*MATERIAL SHOWN*:
------------

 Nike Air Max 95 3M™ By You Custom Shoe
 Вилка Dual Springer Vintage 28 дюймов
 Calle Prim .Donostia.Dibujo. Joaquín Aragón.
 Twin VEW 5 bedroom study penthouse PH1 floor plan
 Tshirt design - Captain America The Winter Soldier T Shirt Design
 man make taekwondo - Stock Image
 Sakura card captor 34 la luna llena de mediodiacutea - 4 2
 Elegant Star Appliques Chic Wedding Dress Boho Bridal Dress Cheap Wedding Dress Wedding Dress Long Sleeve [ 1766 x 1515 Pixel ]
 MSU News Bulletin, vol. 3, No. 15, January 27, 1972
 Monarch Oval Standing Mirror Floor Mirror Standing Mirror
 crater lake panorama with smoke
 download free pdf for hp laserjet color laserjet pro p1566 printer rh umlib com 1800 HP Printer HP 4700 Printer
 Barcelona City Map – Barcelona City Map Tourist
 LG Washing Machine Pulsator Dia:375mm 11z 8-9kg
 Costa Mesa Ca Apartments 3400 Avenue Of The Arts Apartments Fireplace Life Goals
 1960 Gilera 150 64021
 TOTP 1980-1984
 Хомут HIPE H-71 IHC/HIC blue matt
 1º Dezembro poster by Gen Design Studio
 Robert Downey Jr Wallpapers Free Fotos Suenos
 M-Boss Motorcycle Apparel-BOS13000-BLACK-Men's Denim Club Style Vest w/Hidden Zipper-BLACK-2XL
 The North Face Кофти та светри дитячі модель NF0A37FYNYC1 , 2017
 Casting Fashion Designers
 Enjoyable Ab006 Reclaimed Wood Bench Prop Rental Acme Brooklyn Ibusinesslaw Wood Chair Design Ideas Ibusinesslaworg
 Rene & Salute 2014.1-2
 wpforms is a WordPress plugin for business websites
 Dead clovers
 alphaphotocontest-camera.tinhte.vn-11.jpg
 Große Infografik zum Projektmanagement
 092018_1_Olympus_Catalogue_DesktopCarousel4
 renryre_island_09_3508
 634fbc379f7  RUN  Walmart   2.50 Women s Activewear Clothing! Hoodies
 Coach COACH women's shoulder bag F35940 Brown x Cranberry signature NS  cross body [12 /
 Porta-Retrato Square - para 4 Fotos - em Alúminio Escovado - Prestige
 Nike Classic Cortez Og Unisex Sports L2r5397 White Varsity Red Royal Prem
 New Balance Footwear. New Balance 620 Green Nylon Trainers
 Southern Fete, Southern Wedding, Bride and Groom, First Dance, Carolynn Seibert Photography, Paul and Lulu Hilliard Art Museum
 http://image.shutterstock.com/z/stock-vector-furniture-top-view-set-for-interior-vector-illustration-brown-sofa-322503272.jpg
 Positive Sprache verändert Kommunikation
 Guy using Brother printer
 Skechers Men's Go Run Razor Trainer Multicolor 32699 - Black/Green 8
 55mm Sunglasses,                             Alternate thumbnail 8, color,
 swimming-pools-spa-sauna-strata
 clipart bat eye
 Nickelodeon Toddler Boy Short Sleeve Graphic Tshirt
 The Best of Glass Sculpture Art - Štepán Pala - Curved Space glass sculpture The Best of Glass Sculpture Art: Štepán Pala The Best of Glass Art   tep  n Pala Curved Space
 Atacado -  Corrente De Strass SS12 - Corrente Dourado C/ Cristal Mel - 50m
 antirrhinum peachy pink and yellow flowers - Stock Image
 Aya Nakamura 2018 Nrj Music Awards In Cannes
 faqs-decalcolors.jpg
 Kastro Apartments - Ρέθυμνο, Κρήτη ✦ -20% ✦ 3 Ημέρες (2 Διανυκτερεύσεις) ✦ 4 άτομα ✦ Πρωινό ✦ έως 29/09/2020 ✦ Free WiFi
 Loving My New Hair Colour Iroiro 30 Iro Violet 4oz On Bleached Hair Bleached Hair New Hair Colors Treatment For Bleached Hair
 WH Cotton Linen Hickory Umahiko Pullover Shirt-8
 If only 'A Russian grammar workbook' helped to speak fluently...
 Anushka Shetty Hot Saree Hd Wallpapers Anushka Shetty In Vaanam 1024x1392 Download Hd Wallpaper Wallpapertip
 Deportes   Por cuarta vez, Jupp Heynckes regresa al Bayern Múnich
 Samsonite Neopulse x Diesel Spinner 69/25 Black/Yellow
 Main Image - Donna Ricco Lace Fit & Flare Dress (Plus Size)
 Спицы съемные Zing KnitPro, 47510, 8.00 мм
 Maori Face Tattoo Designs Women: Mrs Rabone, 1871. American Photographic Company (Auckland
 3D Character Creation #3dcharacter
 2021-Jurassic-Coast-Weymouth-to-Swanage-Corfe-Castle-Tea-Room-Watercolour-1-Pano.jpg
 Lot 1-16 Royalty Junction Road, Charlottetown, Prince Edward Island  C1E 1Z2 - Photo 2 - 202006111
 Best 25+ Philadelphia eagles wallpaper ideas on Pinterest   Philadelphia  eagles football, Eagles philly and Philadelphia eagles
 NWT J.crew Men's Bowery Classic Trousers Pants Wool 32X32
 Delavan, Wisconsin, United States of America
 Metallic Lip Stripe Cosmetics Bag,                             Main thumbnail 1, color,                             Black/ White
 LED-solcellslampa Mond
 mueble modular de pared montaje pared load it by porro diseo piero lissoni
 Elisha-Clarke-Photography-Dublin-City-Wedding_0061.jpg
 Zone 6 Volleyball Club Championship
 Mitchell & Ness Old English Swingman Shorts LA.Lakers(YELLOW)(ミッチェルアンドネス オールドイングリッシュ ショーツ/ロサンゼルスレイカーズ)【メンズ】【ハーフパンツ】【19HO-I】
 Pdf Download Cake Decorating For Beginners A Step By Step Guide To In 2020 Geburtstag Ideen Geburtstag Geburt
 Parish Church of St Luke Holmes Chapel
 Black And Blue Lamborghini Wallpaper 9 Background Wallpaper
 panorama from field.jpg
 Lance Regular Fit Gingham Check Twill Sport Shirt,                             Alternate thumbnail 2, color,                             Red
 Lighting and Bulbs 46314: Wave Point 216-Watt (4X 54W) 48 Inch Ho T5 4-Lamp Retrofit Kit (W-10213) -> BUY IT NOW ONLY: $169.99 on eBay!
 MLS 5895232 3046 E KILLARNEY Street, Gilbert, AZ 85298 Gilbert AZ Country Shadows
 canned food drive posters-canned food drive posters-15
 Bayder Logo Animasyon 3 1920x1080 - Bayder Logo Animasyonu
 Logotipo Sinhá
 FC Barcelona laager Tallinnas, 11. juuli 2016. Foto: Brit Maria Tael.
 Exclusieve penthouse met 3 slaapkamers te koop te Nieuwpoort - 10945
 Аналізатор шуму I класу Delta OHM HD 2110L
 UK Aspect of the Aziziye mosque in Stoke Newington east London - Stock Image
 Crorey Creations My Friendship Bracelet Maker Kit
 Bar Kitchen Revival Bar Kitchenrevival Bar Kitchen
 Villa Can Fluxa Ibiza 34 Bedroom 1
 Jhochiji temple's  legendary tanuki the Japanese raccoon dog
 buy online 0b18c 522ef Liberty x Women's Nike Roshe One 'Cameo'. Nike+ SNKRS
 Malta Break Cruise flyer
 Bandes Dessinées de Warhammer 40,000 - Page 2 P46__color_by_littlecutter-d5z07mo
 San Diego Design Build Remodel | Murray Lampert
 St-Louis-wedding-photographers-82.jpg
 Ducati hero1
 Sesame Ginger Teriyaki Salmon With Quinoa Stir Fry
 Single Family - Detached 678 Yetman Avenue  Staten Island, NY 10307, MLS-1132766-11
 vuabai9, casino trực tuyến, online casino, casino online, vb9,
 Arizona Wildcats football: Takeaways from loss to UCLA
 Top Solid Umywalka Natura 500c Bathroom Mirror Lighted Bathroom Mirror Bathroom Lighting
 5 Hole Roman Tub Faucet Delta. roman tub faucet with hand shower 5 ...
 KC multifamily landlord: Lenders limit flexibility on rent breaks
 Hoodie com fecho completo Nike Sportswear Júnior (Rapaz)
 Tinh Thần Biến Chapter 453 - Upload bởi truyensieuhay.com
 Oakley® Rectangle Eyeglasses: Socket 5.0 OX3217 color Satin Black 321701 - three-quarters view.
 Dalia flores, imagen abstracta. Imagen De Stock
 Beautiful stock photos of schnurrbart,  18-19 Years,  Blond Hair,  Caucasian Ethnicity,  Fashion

------------

*DIRECTIONS*: Transcribe, exactly and without additions, the lines of the records above, beginning with the line that contains "Southern Fete, Southern" and ending with the line that contains "Skechers Men's Go", both included.

*TASK RESULT*:
 Southern Fete, Southern Wedding, Bride and Groom, First Dance, Carolynn Seibert Photography, Paul and Lulu Hilliard Art Museum
 http://image.shutterstock.com/z/stock-vector-furniture-top-view-set-for-interior-vector-illustration-brown-sofa-322503272.jpg
 Positive Sprache verändert Kommunikation
 Guy using Brother printer
 Skechers Men's Go Run Razor Trainer Multicolor 32699 - Black/Green 8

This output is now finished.